━━ DATA SEGMENT ━━

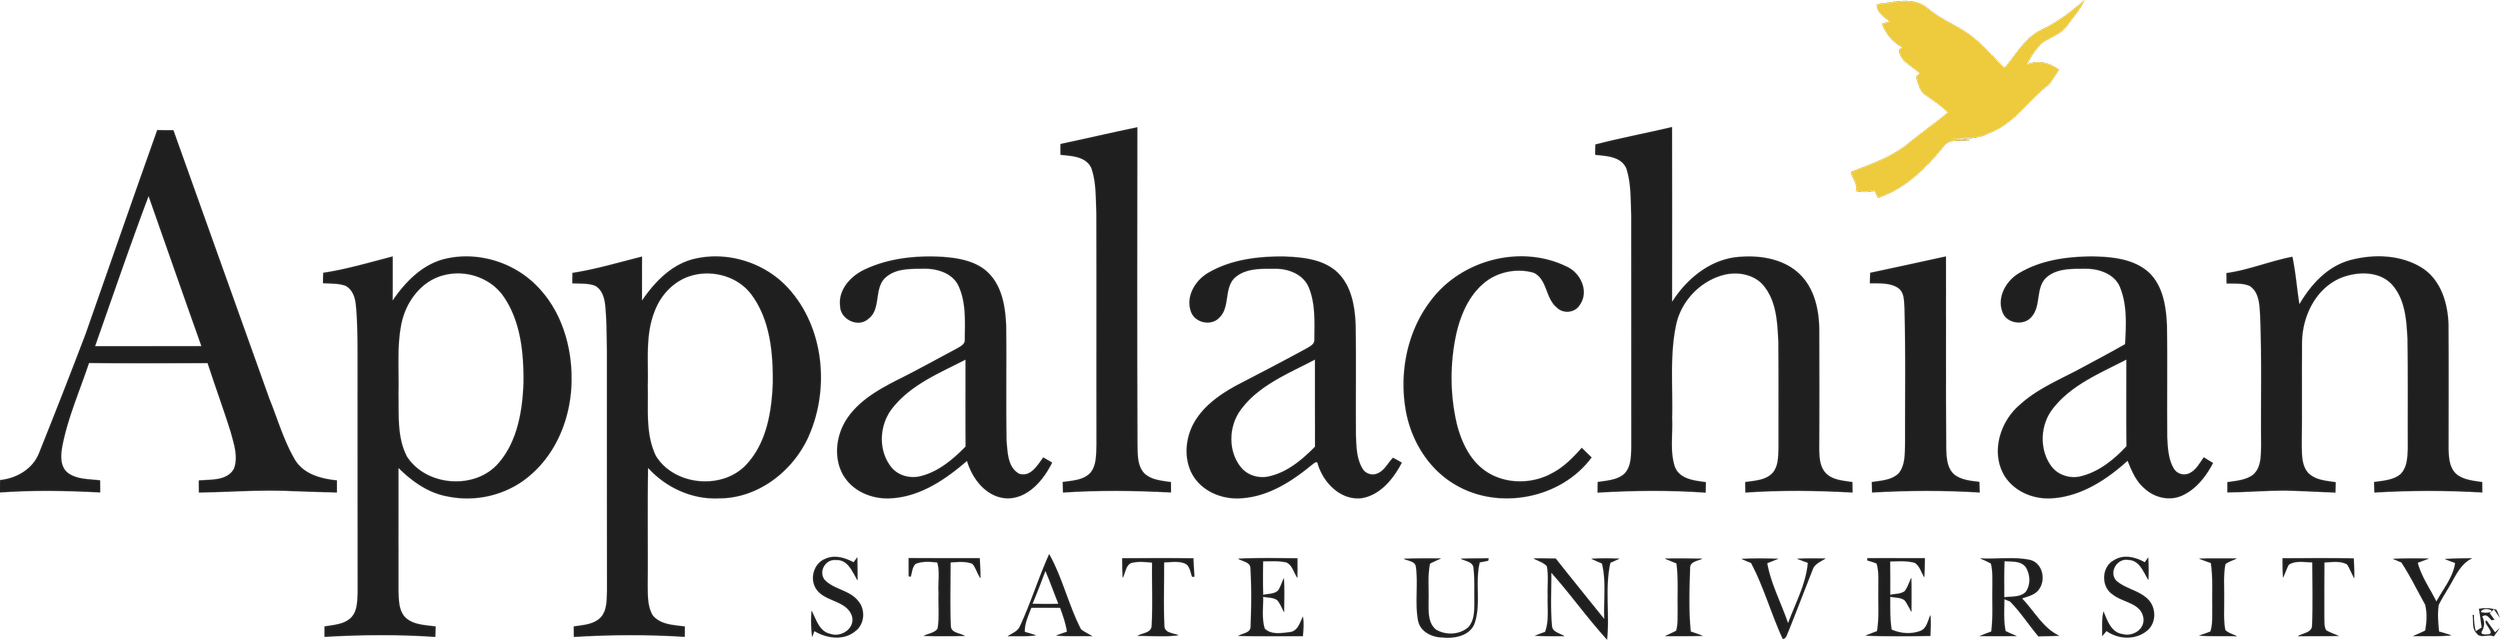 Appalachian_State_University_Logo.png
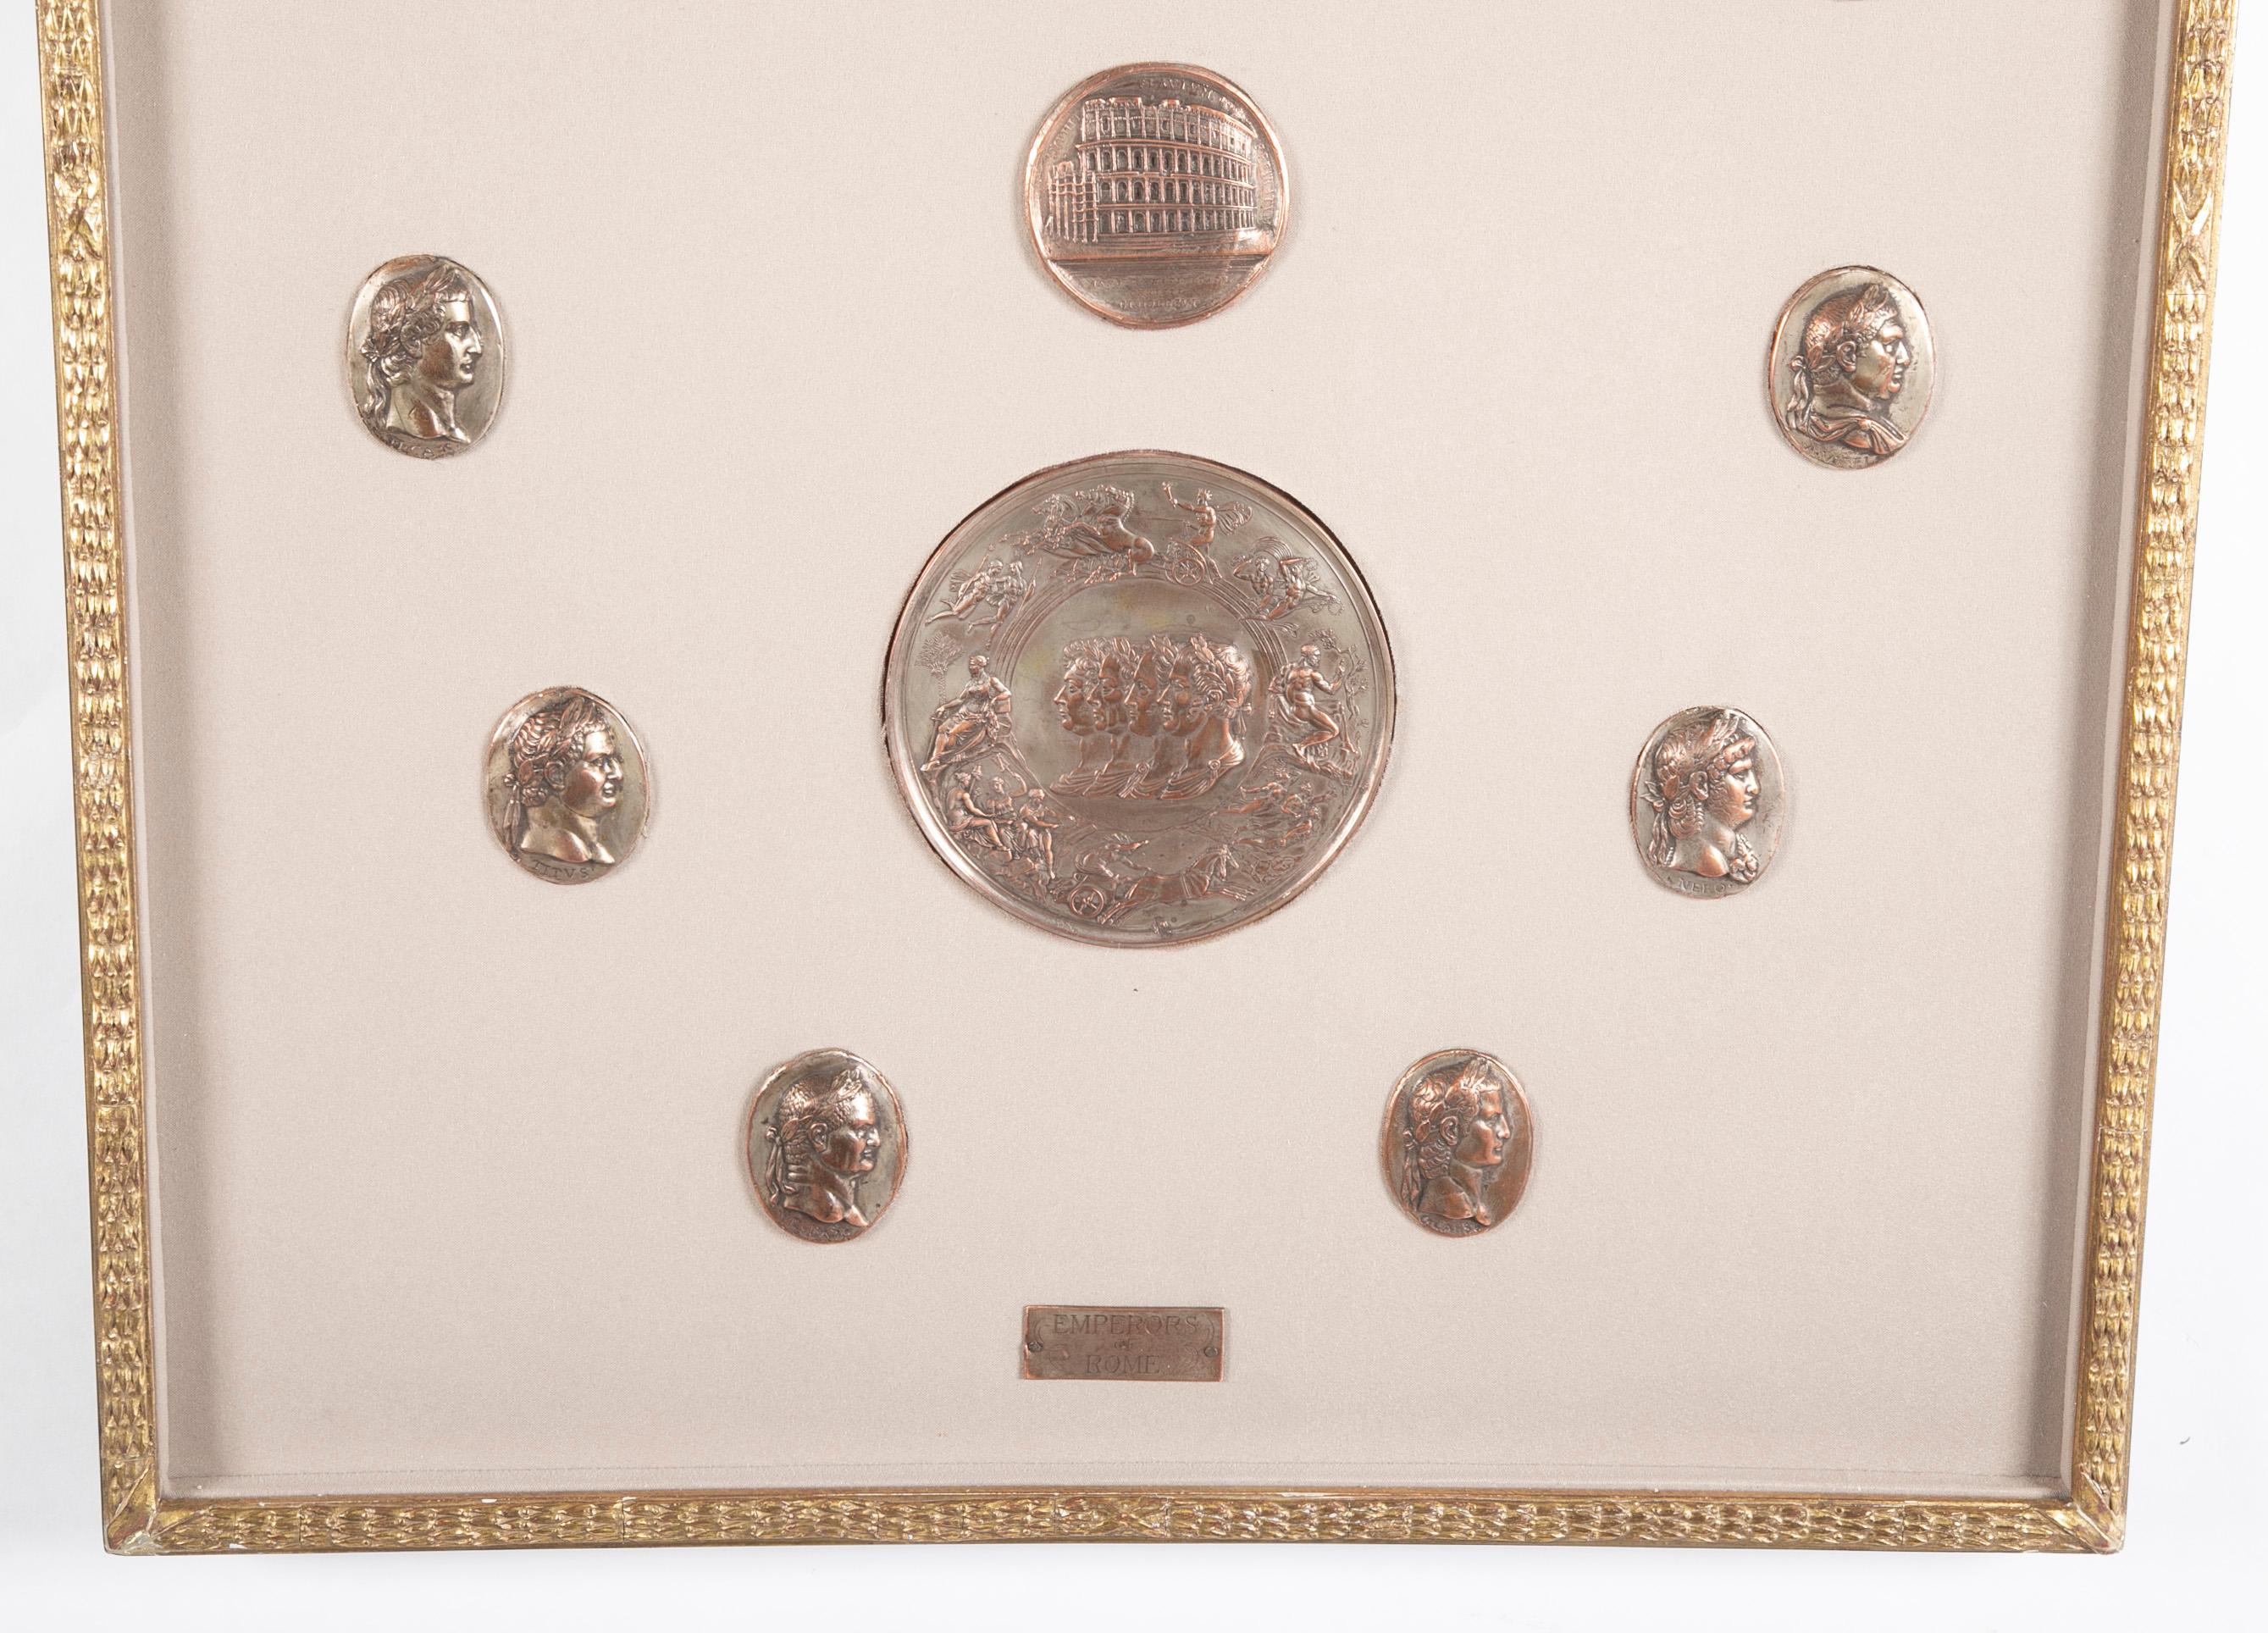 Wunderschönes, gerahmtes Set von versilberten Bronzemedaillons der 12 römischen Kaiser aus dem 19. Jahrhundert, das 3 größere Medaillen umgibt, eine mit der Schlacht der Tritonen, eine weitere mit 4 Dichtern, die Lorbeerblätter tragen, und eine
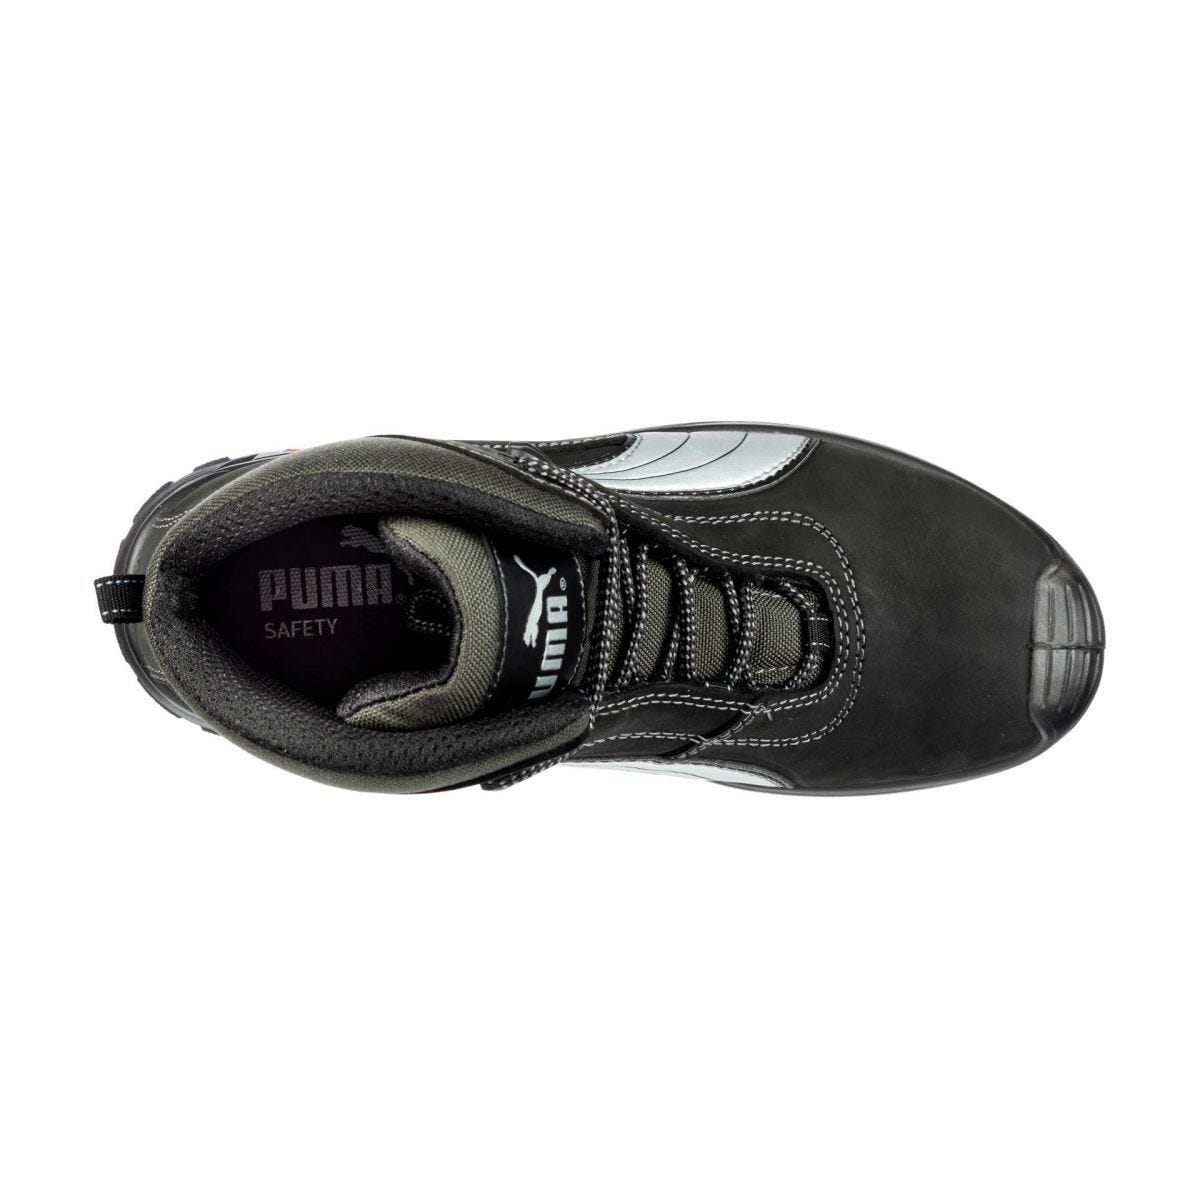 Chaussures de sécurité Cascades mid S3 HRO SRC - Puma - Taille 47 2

━━━

_TASK TO CARRY OUT_. Copy each line of the listing exactly, skipping any picture.

_ANSWER FOR THIS EXERCISE_.
 Appalachian_State_University_Logo.png
 Wunderschönes, gerahmtes Set von versilberten Bronzemedaillons der 12 römischen Kaiser aus dem 19. Jahrhundert, das 3 größere Medaillen umgibt, eine mit der Schlacht der Tritonen, eine weitere mit 4 Dichtern, die Lorbeerblätter tragen, und eine
 Chaussures de sécurité Cascades mid S3 HRO SRC - Puma - Taille 47 2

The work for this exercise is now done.